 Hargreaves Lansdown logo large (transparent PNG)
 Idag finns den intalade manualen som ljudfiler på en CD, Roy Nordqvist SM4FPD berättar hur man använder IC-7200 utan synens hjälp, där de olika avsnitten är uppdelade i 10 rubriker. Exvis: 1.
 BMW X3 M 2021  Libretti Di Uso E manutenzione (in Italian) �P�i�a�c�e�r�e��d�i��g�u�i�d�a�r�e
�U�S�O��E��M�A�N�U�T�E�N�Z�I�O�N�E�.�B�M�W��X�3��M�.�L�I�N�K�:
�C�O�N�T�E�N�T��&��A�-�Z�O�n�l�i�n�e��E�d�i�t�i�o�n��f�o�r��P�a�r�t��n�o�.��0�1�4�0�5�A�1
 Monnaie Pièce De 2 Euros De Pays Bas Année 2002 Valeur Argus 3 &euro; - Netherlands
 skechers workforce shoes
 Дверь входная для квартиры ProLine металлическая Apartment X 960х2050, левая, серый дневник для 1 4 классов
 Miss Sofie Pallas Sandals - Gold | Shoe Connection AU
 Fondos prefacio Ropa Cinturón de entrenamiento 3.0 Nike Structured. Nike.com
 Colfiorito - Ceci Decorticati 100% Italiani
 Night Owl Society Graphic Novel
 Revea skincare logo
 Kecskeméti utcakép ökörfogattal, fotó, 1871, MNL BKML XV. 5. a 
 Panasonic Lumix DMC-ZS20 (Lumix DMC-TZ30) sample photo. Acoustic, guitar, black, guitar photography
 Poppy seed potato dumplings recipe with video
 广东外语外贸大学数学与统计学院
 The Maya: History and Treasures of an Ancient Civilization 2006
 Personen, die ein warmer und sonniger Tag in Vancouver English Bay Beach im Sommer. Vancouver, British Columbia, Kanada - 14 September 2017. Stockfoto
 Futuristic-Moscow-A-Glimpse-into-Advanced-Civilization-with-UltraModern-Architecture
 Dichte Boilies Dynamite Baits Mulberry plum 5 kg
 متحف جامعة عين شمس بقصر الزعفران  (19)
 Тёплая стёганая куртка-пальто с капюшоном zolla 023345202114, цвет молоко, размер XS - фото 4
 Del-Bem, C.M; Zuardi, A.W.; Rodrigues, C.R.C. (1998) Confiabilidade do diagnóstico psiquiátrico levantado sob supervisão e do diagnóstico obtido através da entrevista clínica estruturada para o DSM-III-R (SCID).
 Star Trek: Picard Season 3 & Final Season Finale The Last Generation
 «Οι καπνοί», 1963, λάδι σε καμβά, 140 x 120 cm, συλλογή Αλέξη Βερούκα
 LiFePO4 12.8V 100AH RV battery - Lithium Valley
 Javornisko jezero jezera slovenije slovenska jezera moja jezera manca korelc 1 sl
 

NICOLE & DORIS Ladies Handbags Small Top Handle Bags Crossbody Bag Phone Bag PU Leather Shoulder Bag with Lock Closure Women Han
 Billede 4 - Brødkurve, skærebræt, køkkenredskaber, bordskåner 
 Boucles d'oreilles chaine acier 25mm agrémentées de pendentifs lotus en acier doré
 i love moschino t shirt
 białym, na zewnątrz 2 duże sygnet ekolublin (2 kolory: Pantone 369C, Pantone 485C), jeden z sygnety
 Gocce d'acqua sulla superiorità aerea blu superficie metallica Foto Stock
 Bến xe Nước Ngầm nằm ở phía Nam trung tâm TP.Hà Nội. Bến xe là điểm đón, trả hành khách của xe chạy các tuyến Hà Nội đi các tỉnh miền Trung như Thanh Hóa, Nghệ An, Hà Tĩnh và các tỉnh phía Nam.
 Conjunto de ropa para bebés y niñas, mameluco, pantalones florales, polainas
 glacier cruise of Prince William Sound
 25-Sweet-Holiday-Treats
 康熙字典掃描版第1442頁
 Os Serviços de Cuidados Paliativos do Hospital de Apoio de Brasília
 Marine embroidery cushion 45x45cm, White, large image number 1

#####

**Requirement**
In the records above, retype exactly the lines from the one with "Conjunto de ropa" through the last one.

**Finished task**
 Conjunto de ropa para bebés y niñas, mameluco, pantalones florales, polainas
 glacier cruise of Prince William Sound
 25-Sweet-Holiday-Treats
 康熙字典掃描版第1442頁
 Os Serviços de Cuidados Paliativos do Hospital de Apoio de Brasília
 Marine embroidery cushion 45x45cm, White, large image number 1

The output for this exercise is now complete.